REQUIREMENT: The records are set out below this line. Return exactly the lines from the one containing "Entspannt mit Lesen abseits" through the last, and exclude the pictures.

(Data extracted from a collection)
<<<<

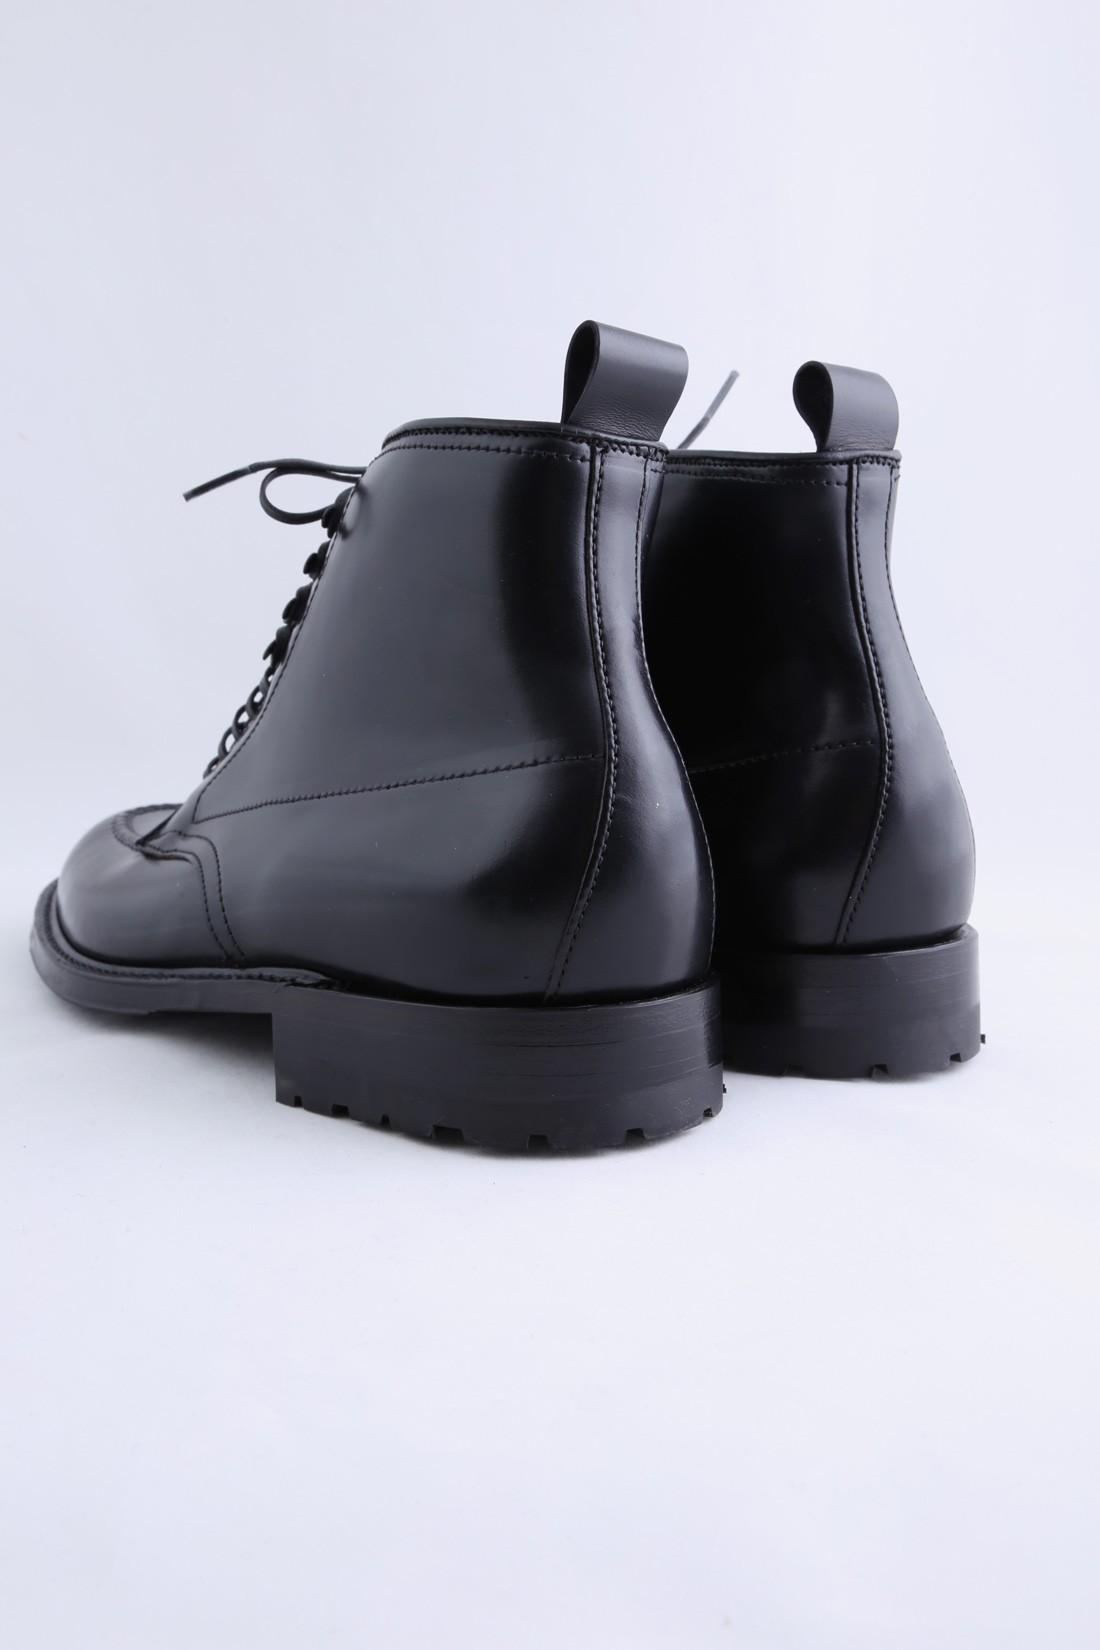 Alden nst cordovan black Hommes Chaussures Bottes & boots Bottines ALDEN CORDOVAN Bottines 
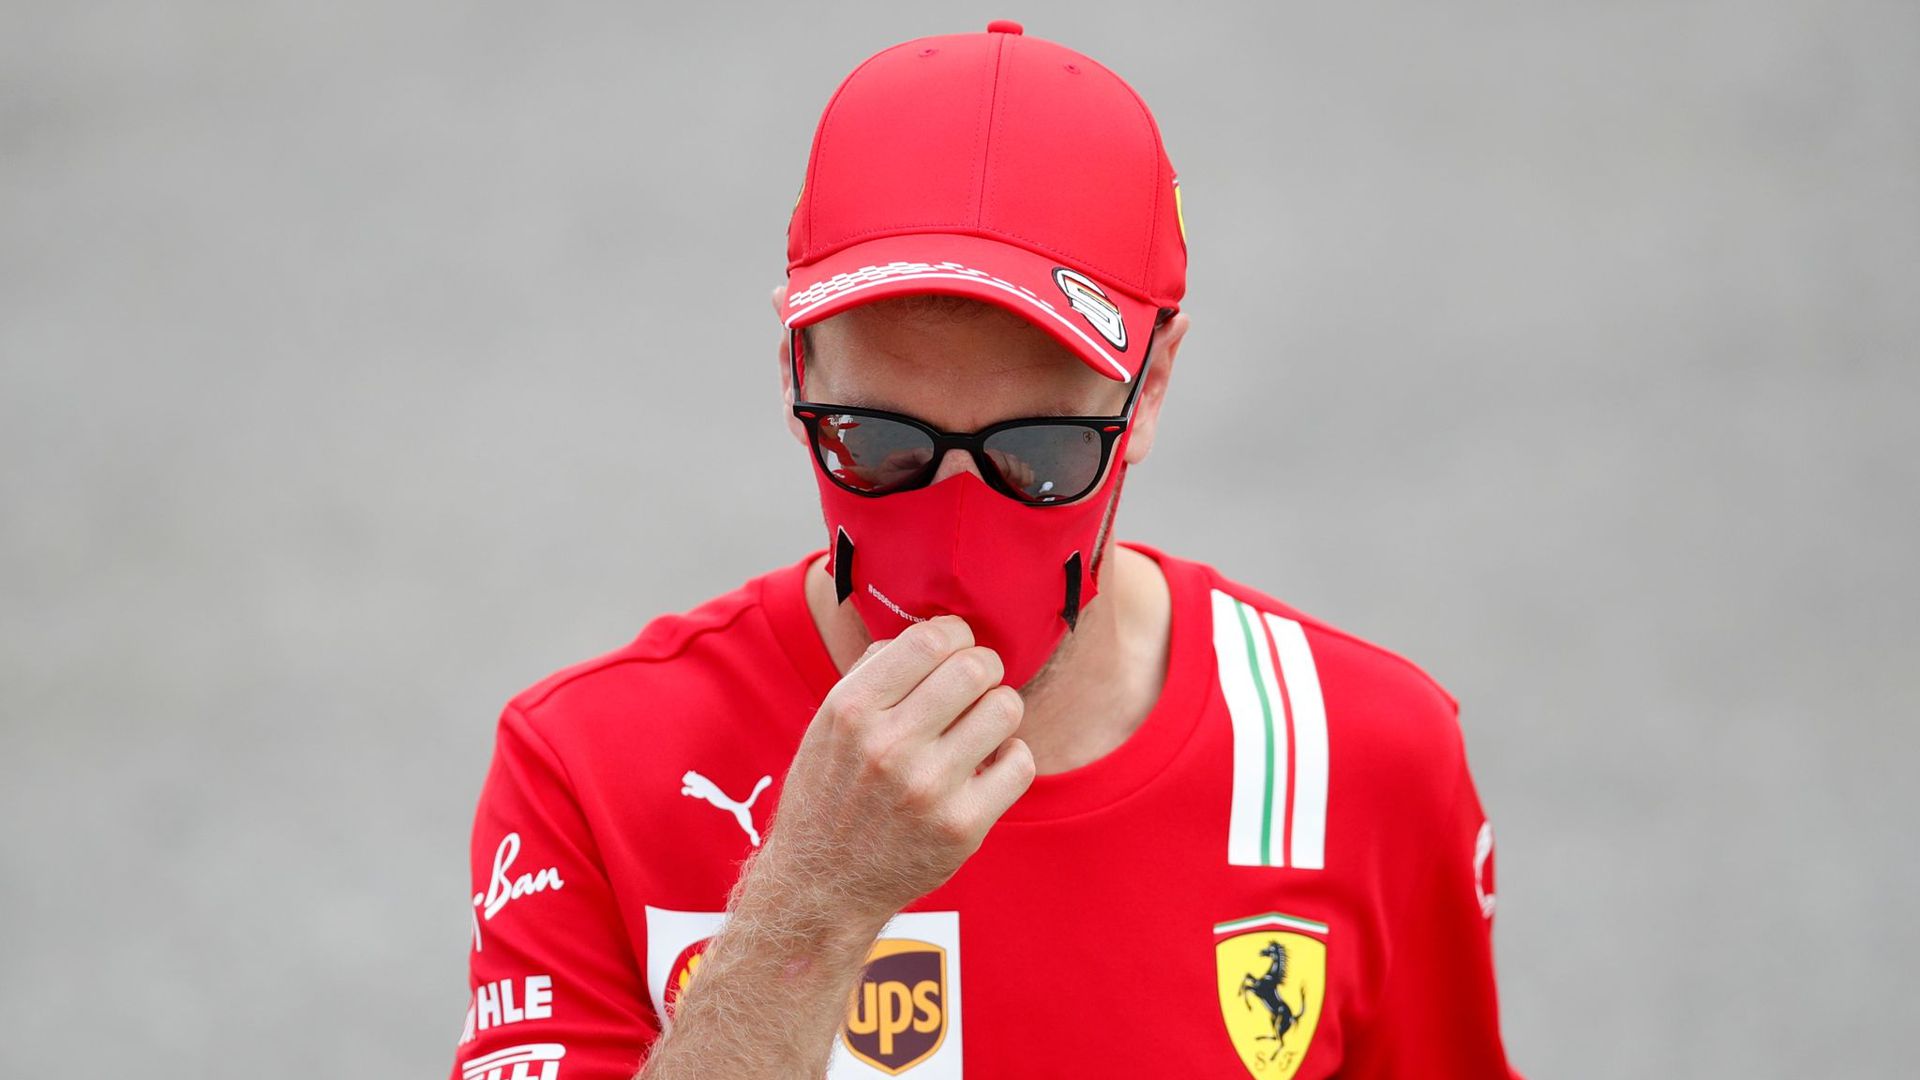 Entspannt mit Lesen abseits der Formel-1-Strecke: Ferrari-Pilot Sebastian Vettel.
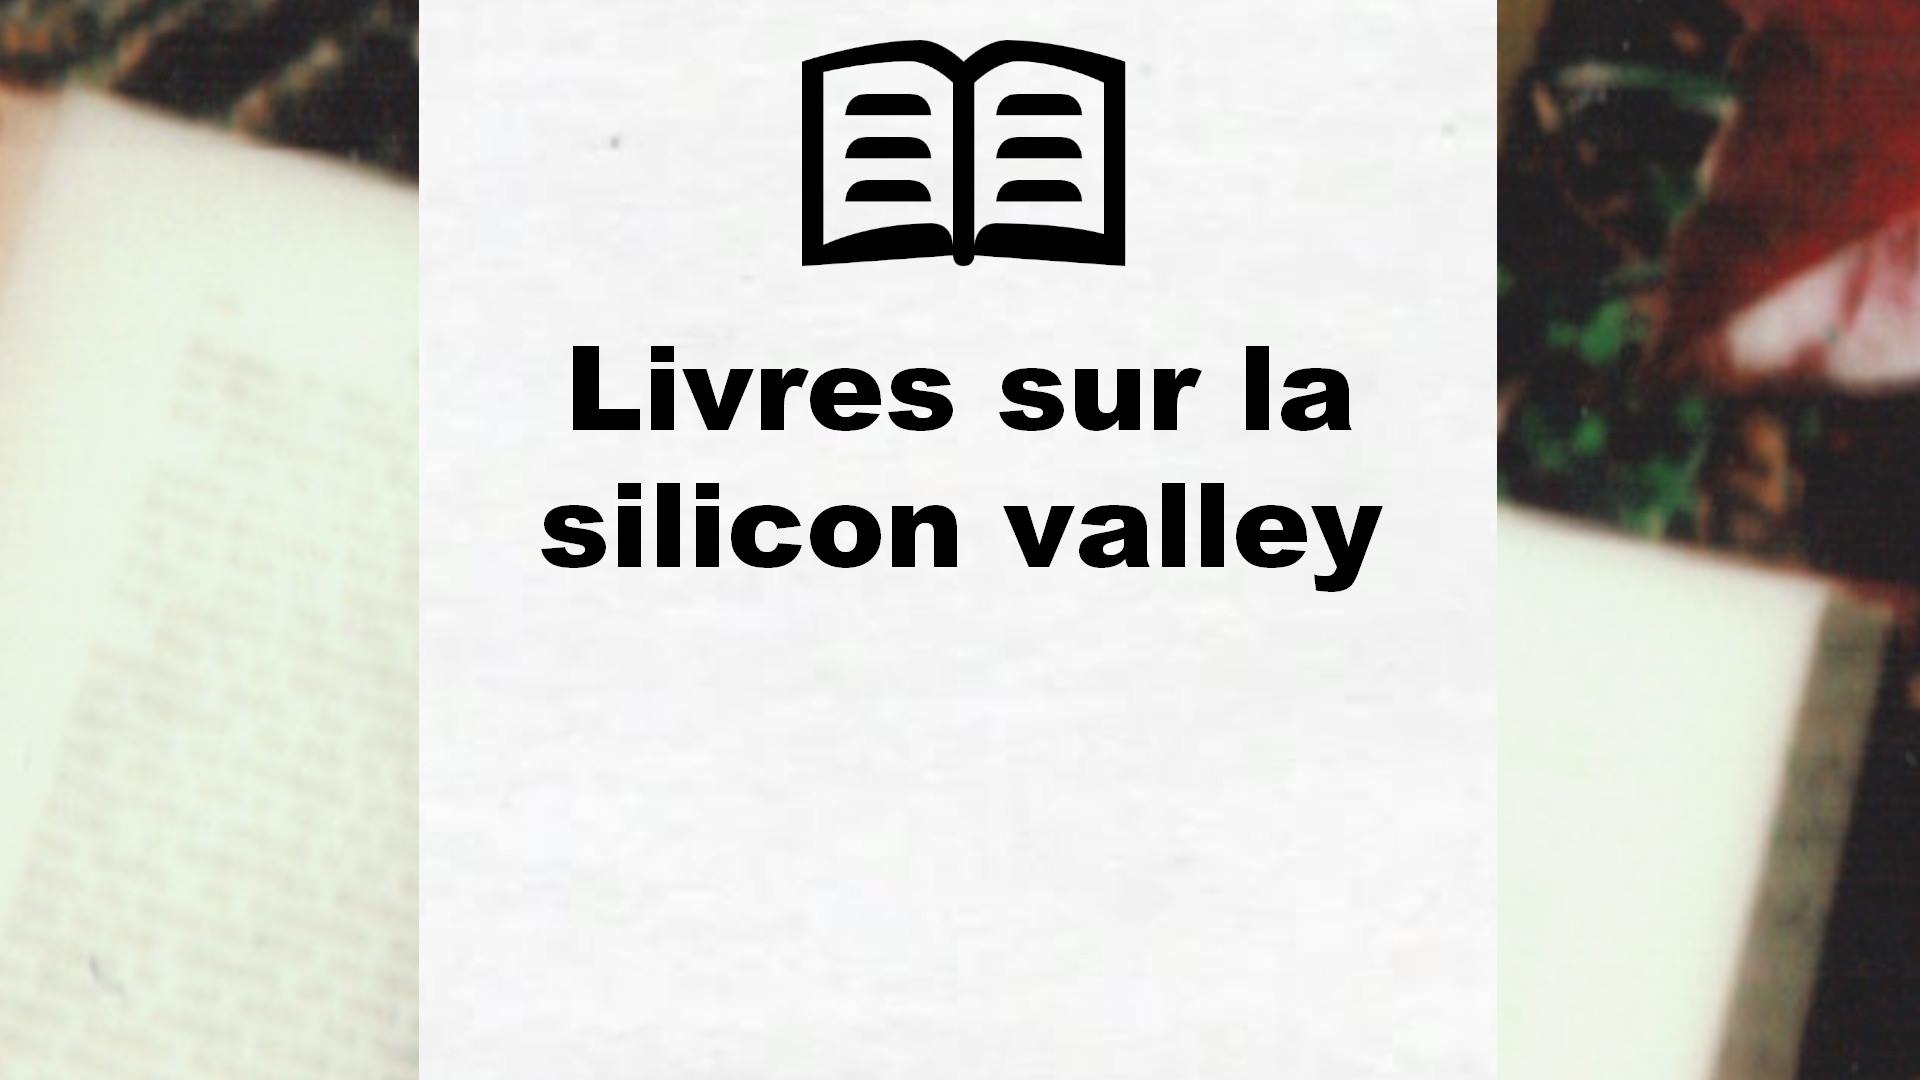 Livres sur la silicon valley
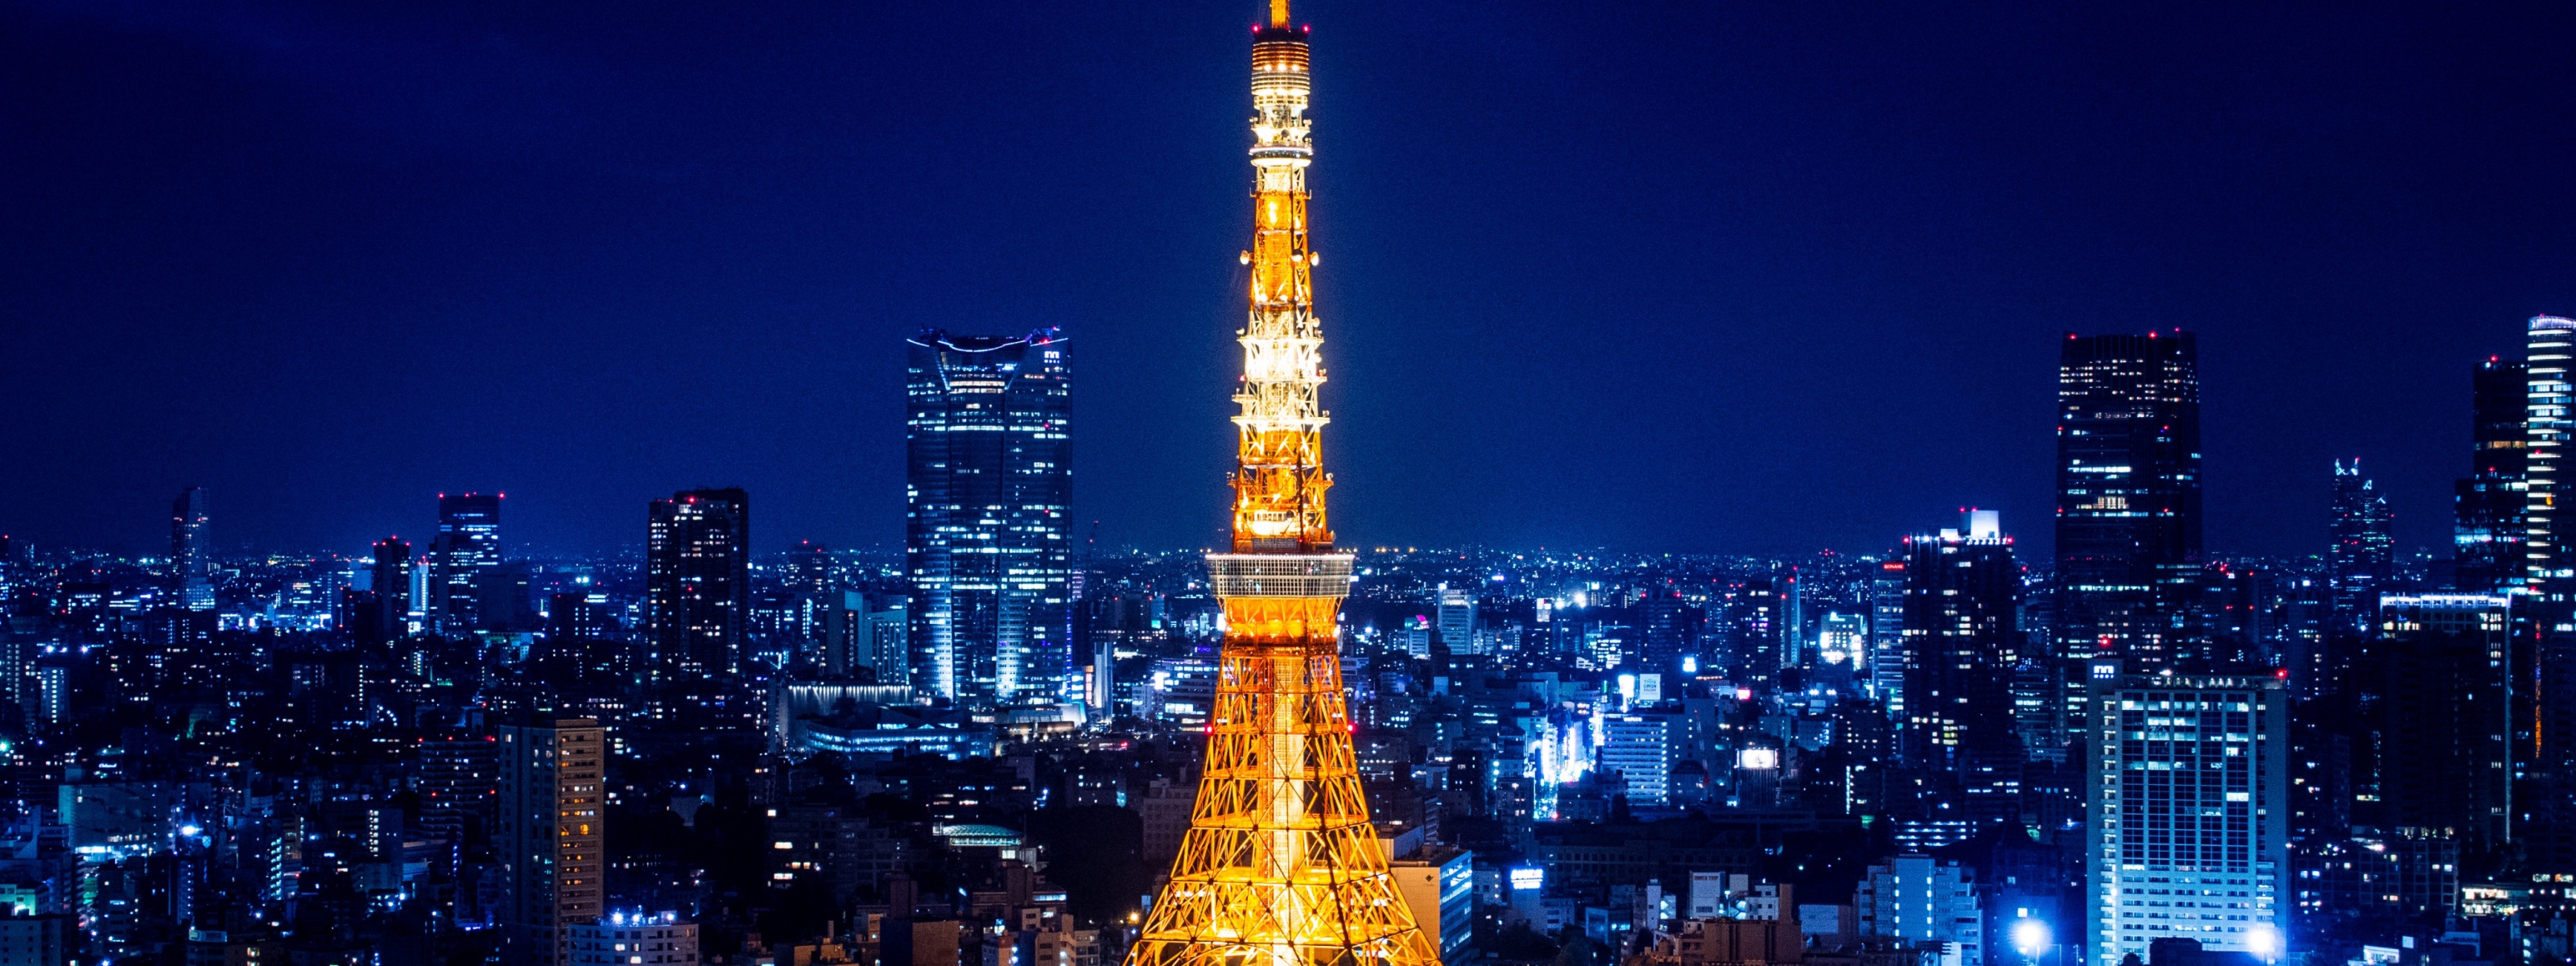 Tokyo Tower At Night
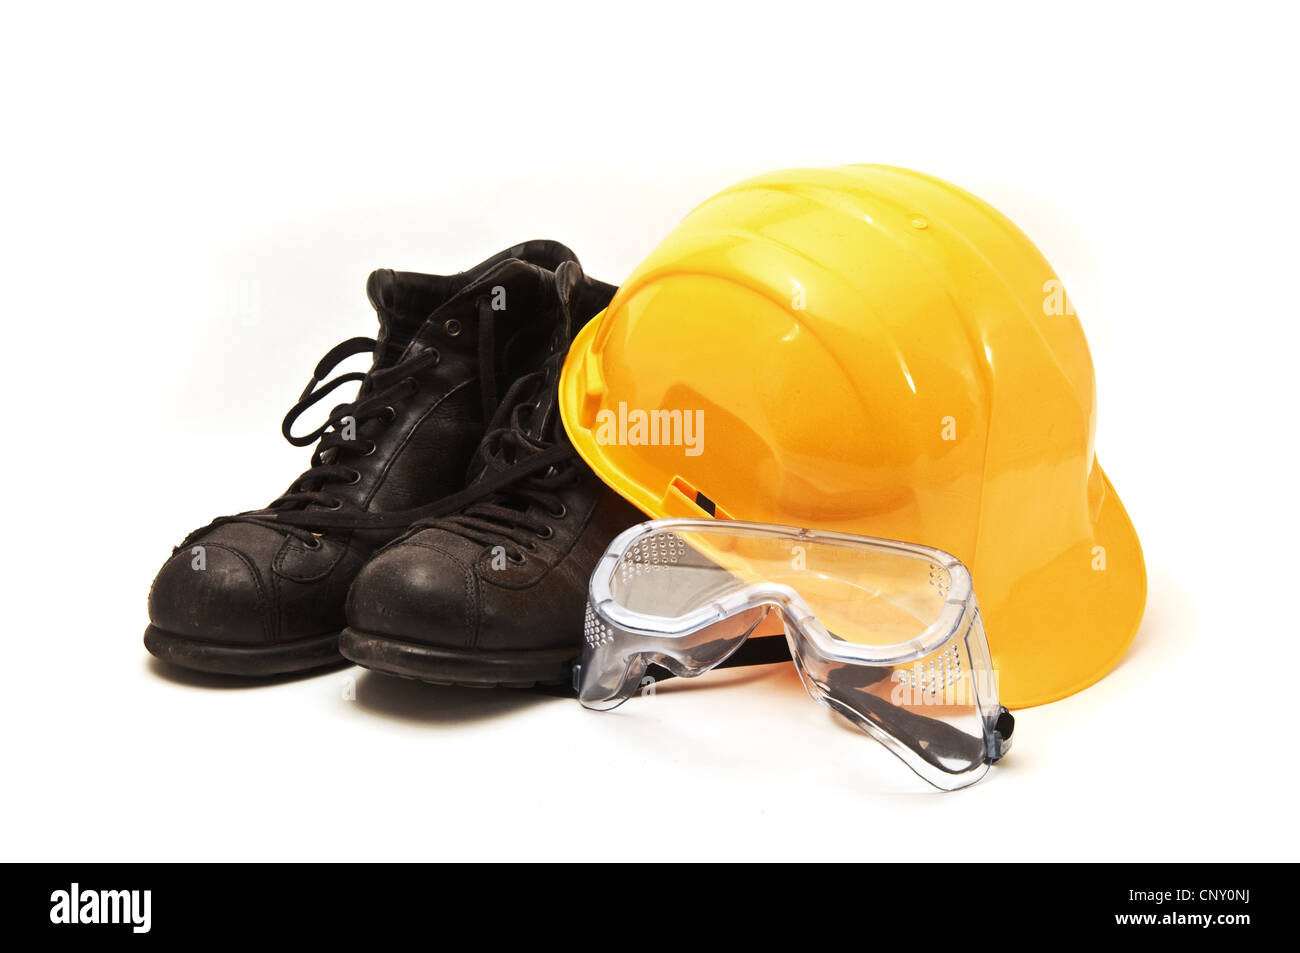 Amarillo sombrero duro, viejas botas de cuero y gafas, equipos en la industria de la construcción. Foto de stock

>>>>

RESPONSE TO THE TASK:
 Entspannt mit Lesen abseits der Formel-1-Strecke: Ferrari-Pilot Sebastian Vettel.
 Livres sur la silicon valley
 Tokyo Tower At Night
 Amarillo sombrero duro, viejas botas de cuero y gafas, equipos en la industria de la construcción. Foto de stock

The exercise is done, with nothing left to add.